= Extension Poly(A) Test =

The extension Poly(A) Test (ePAT) describes a method to determine the poly(A) tail lengths of mRNA molecules. It was developed and described by A. Jänicke et al. in 2012.

The method consists of three separate steps: in the first step, the poly-adenylated RNA is hybridised to a DNA oligonucleotide featuring a poly-deoxythymidine sequence at its 5’ end. Klenow polymerase then catalyses elongation of the mRNA’s 3’ end, using the DNA oligonucleotide as a template. This reaction takes place at 25 °C. In the second step, reverse transcriptase synthesis extends the DNA oligonucleotides that have annealed to the mRNA’s extended 3’ end. In order to ensure that DNA oligomers hybridised to internal poly(A) sequences do not serve as primers for reverse transcription, the second step is carried out at 55 °C. A third and final step involves amplification of the newly synthesised cDNA via PCR. This PCR requires one gene-specific and one universal primer.

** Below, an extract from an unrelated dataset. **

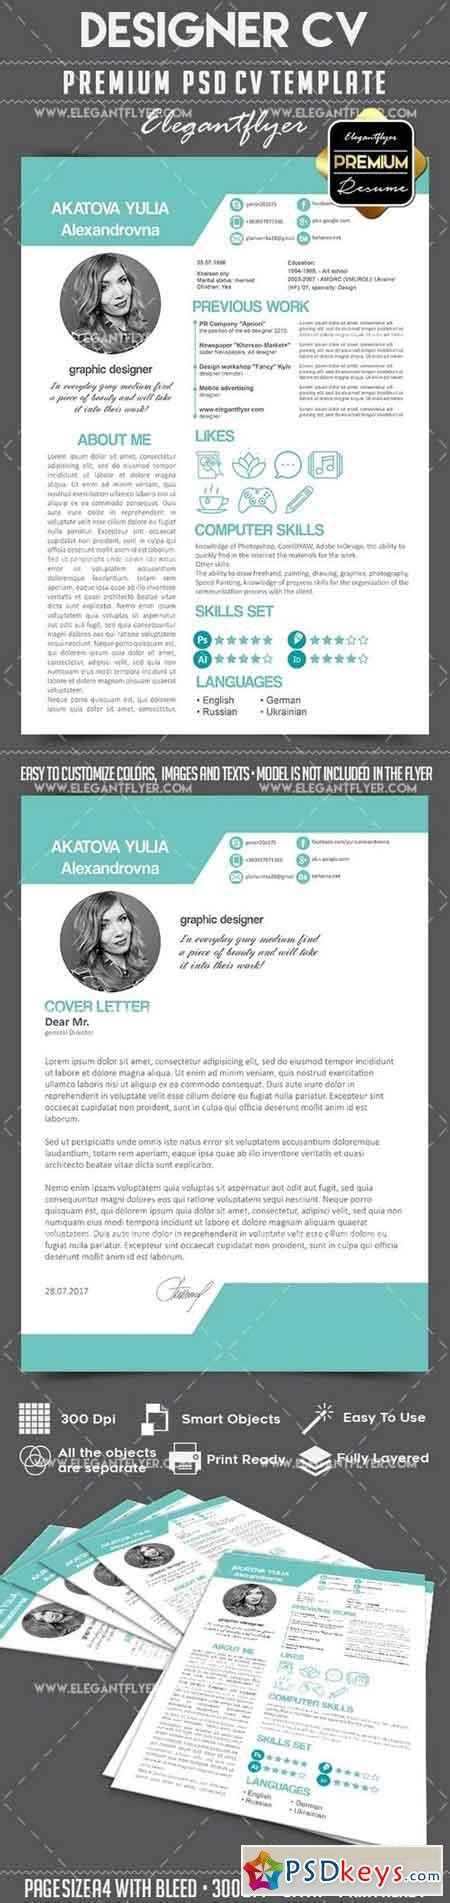 resume psd template rar cv premium cv and cover letter psd template 187 free photoshop vector stock image via
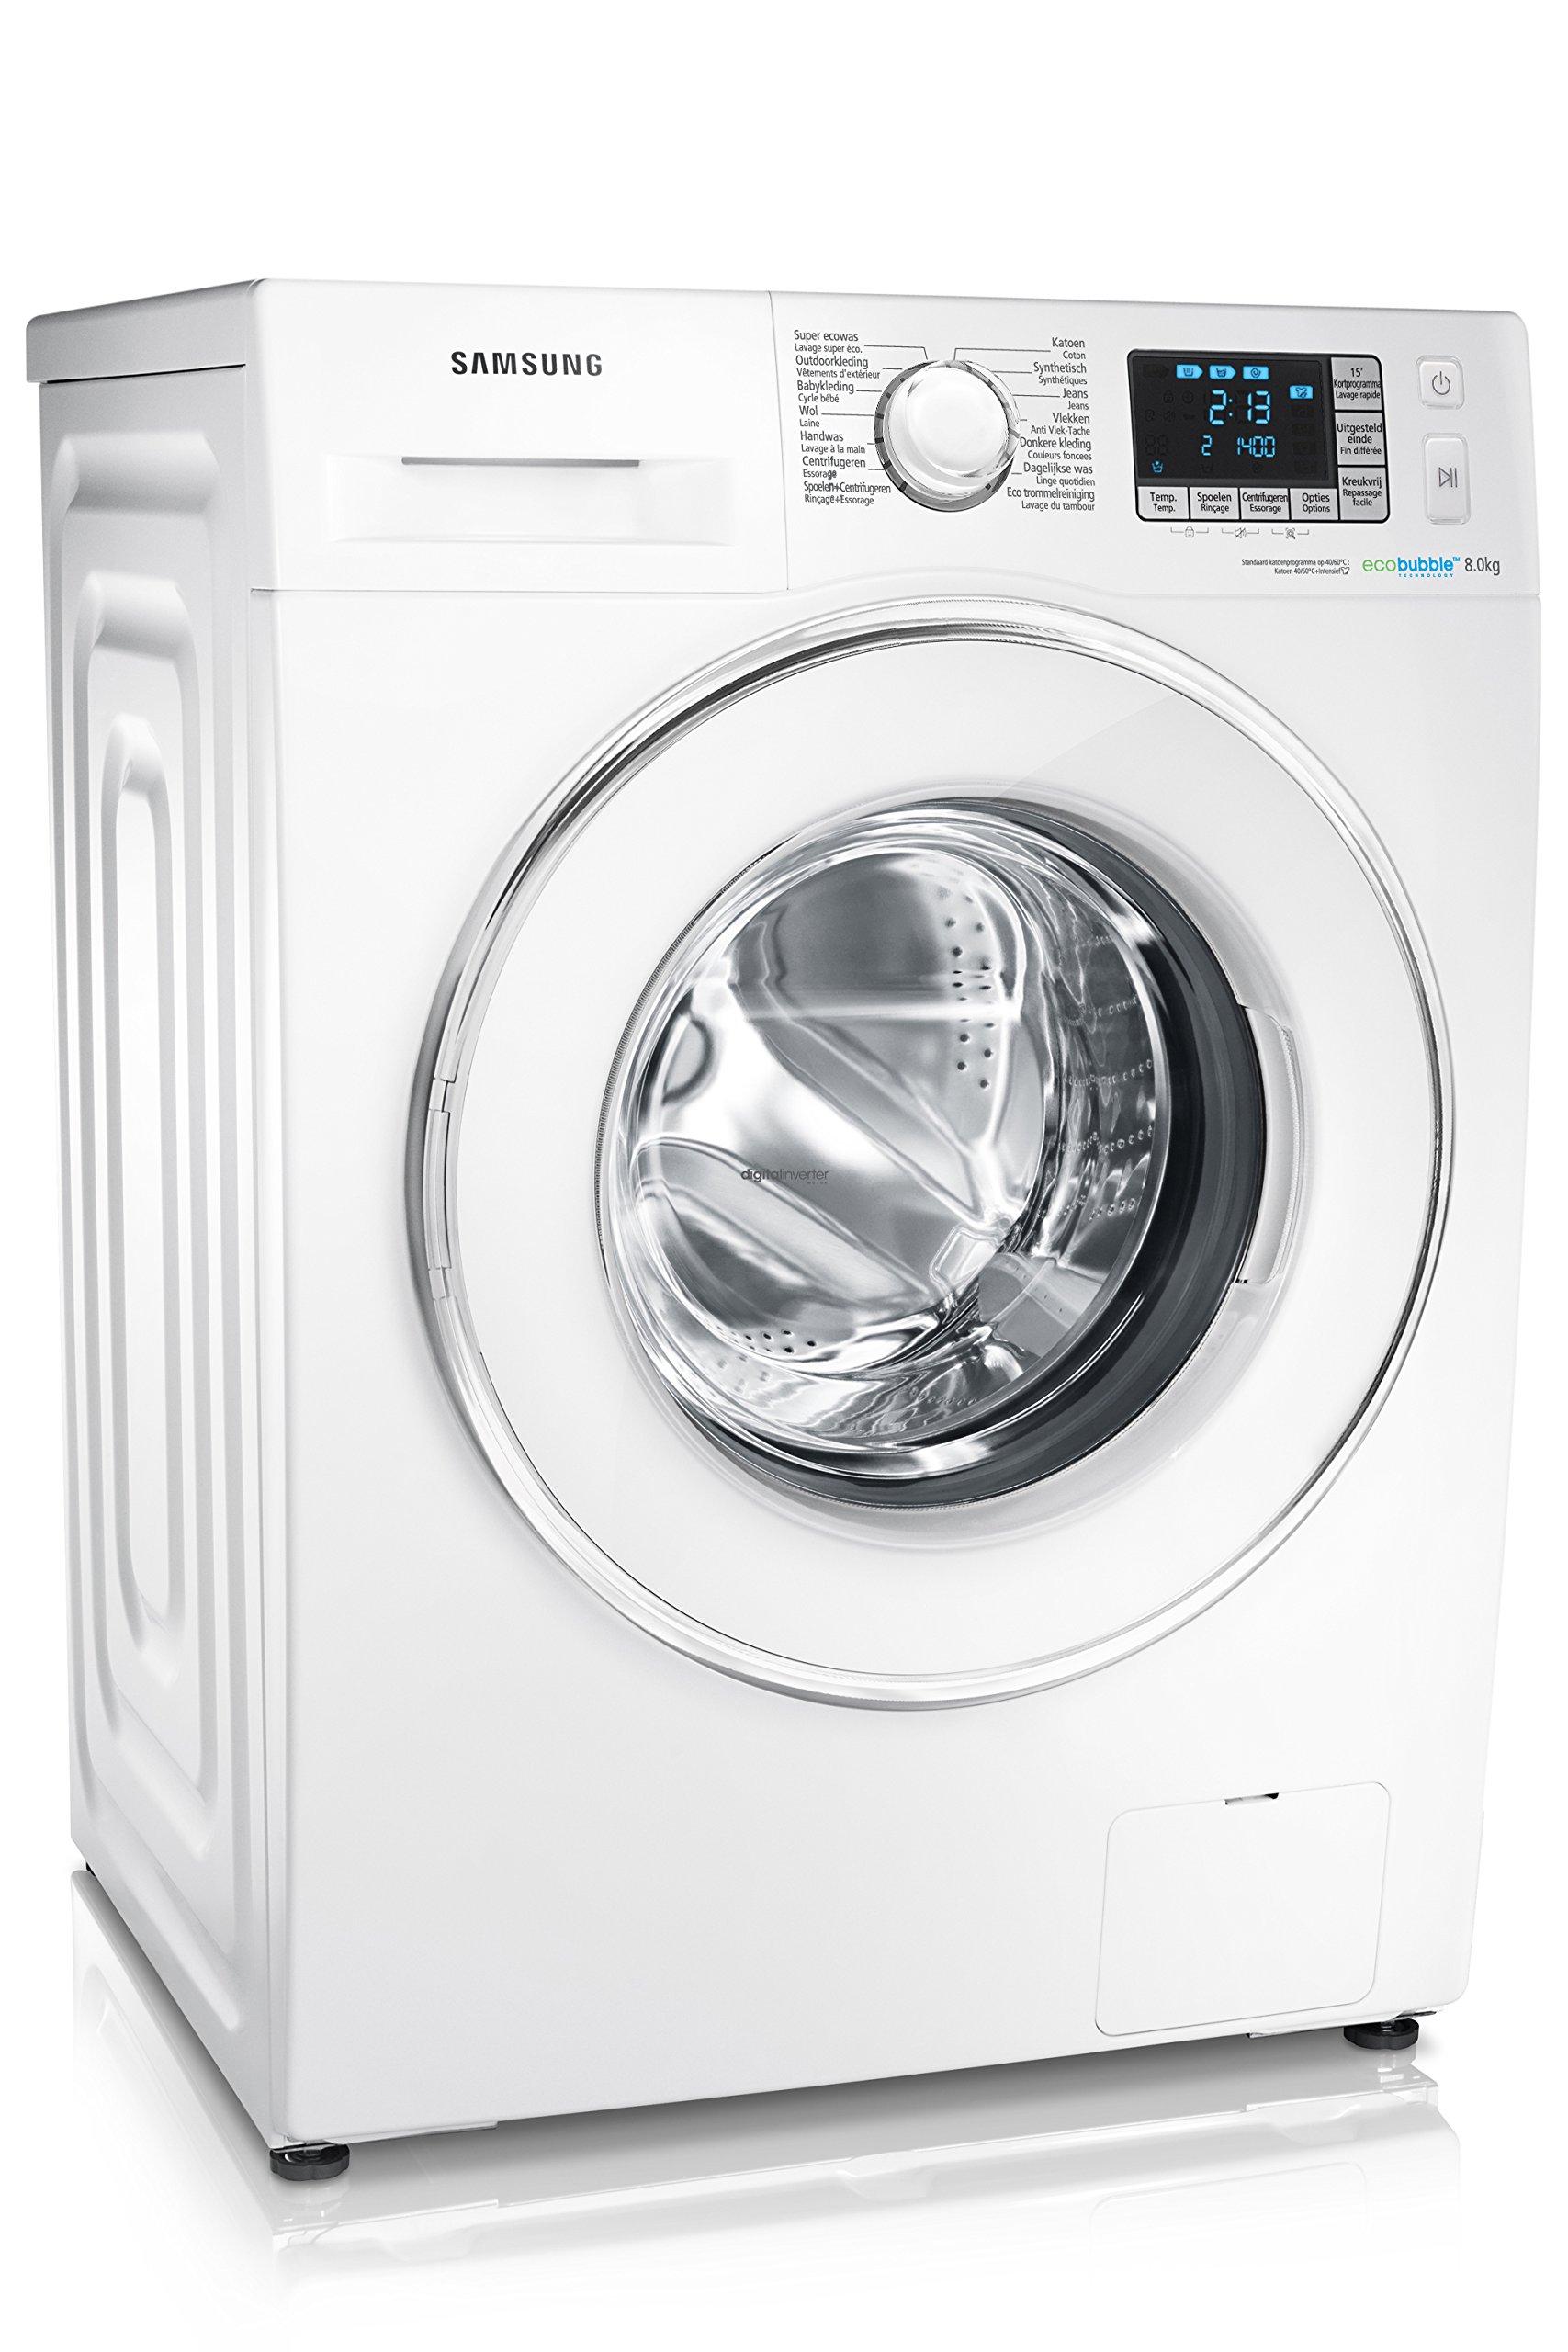 wf81-F5e5p4-W-Samsung-Waschmaschine-8-kg-ecobubble-Tr-Kristall-Wei-DIGITAL-INVERTER-MOTOR-1400-Umin-A-aa

Analysis of the amplicons’ lengths allows for estimation of the sequence flanked by the two primers, i.e. the poly(A) tail length of the sample mRNA.

According to the authors, measurement of poly(A) tail lengths and their distribution amongst different transcripts, this method can be used to determine the cell’s translation state instead of the more tedious analysis of protein translation states.